I 2nd the electrolosis. I use washing soda. It's like magic.


----------



## Surprman (May 25, 2014)

I've read good things about electrolisis, but I'm not sure I want to go to the trouble of building the system.  I'm going to try stripping the paint (along with a little elbow grease).  Today I decided I would take a break from cleaning grime off the disassembled parts and I did some polishing of the exposed metal surfaces (hand wheels and cranks, not ways!).  They came out really nice: 

http://s1175.photobucket.com/user/Surprman/library/?sort=3&page=1

This evening I also ordered the set of oils, in preparation for assembly.

Also, on my lathe, I had two press-in gits oilers on the motor shaft bearings.  One was damaged and I destroyed the other one attempting to take it out.  In all the photos I've seen online, I have not seen another lathe (A,B or C) with gits in that location.  I suppose that they are not needed.


----------



## Thoro (Jun 2, 2014)

It is my opinion that electrolysis is well worth the setup and is one of the cheapest and easiest ways to clean parts (especially small parts)once set up.  Plus you can just put the parts in, walk away to do other things and come back later.  Not to mention it is also non destructive.

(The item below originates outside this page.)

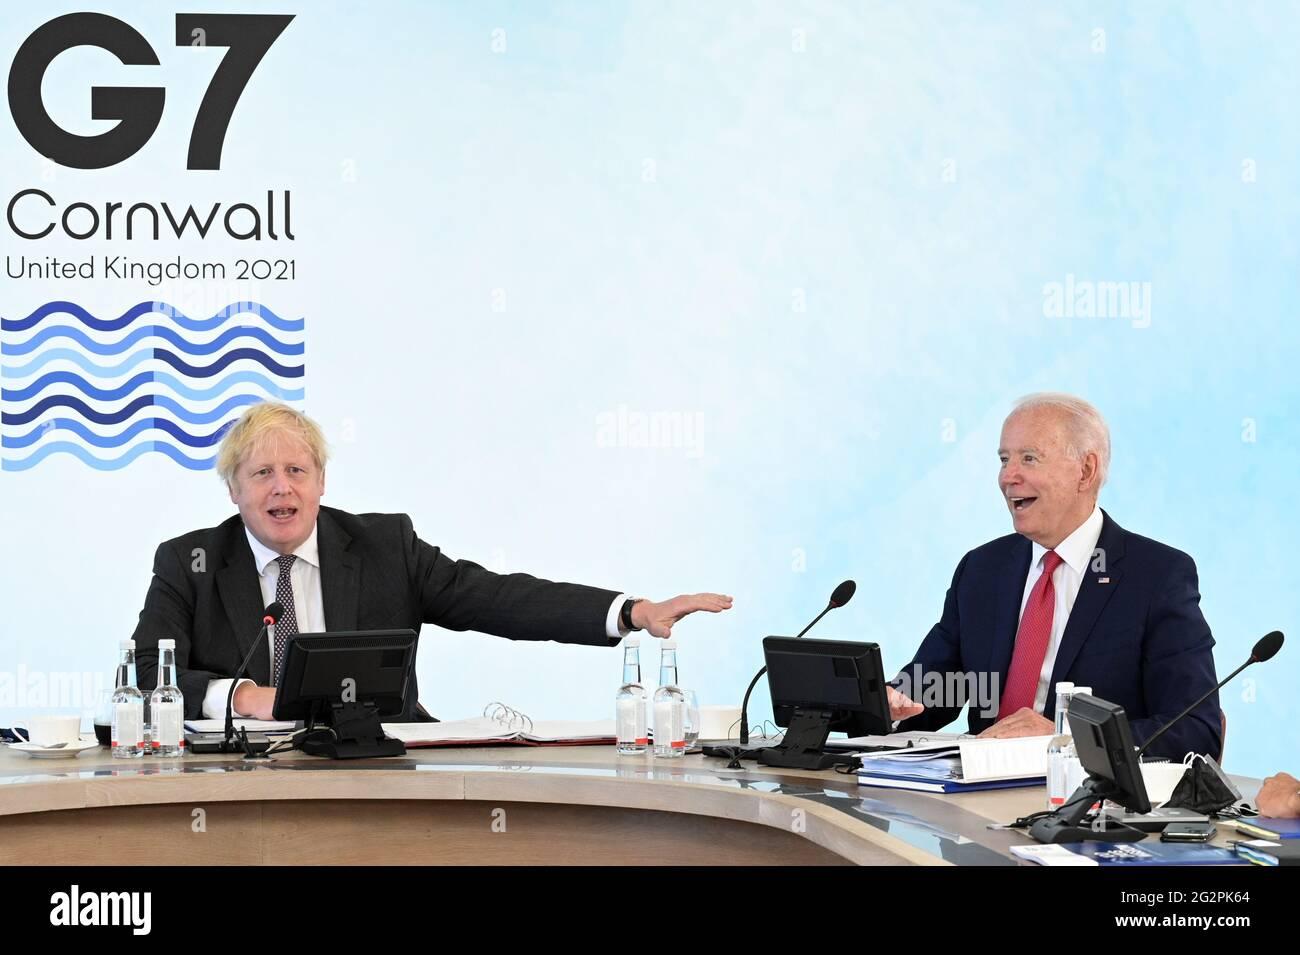 Il primo ministro Boris Johnson (a sinistra) accanto al presidente americano Joe Biden a Carbis Bay, durante il vertice del G7 in Cornovaglia. Data immagine: Sabato 12 giugno 2021. Foto Stock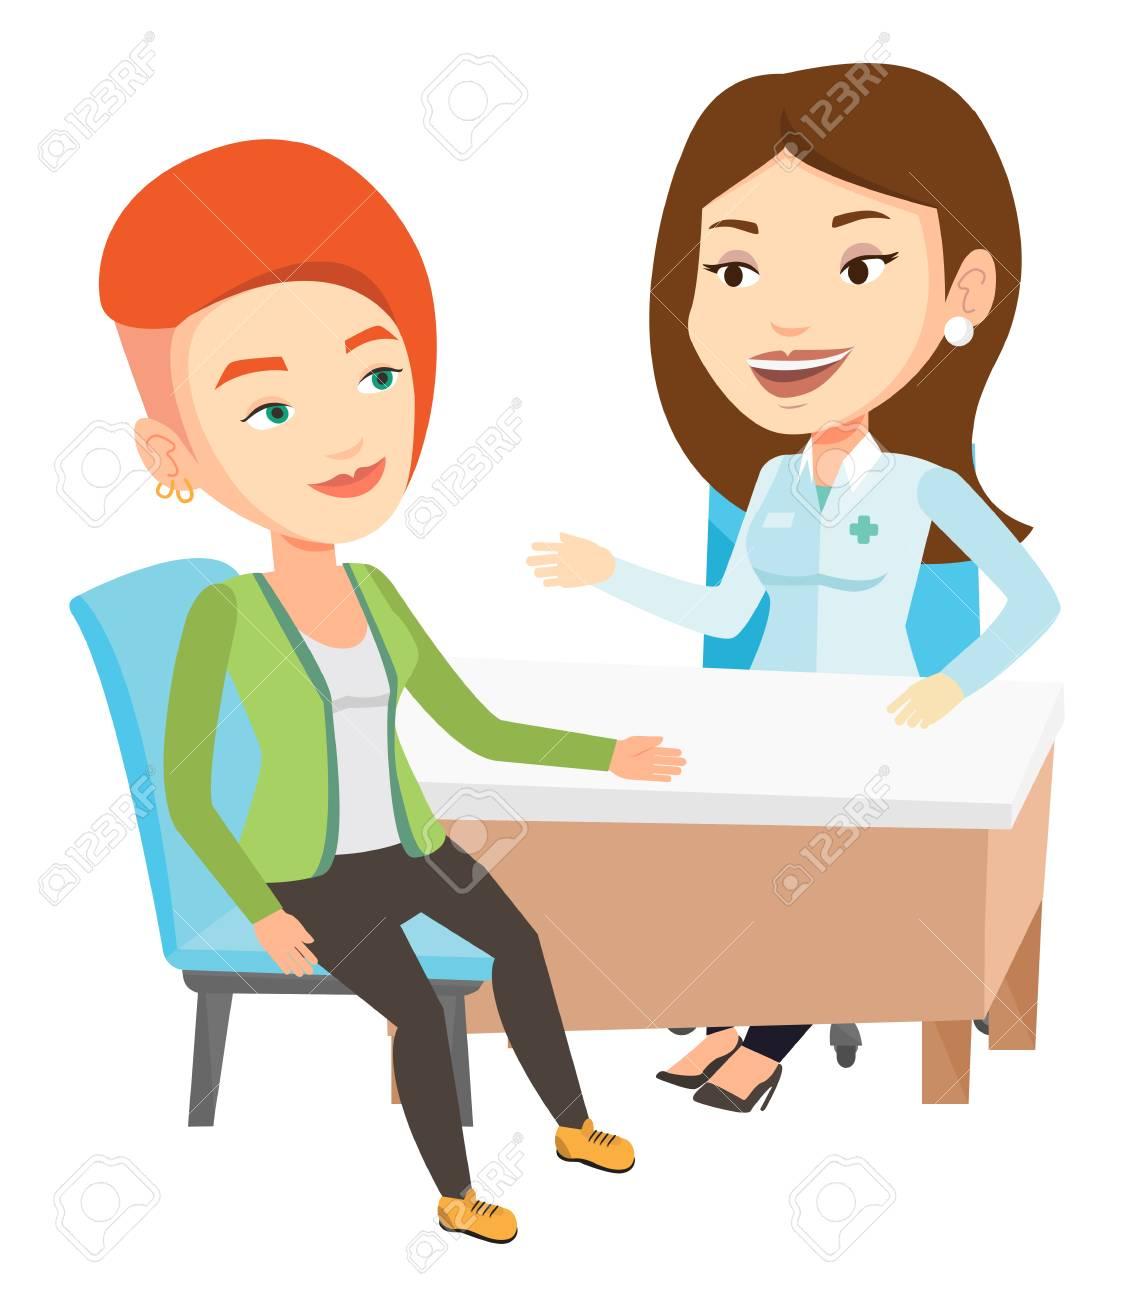 69190672-doctor-caucásico-paciente-consultar-en-la-oficina-el-doctor-habla-con-el-paciente-médico-de-la-comunicac

I used the same paint for my lathe.  It seems to be a nice paint.  A buddy had painted his with the Sherwin Williams Industrial Alkyd enamel and had about 3+ quarts left over.  He sold me 2 quarts for a fraction of what it should have cost.  Downside was that I couldn't pick my color, but I like the color I got.  It is Gauntlet grey.  I found though, that the paint was very slow drying, but that wasn't a huge problem as I was not moving at a record pace to get the restoration done.  Started it in December of 2013, and am just now almost finished.  You might be able to use japan drier to kick it a bit, but just make sure you only mix what you'll use, cause japan drier will cure the paint even in a sealed container after it is mixed in.

Looking good!


----------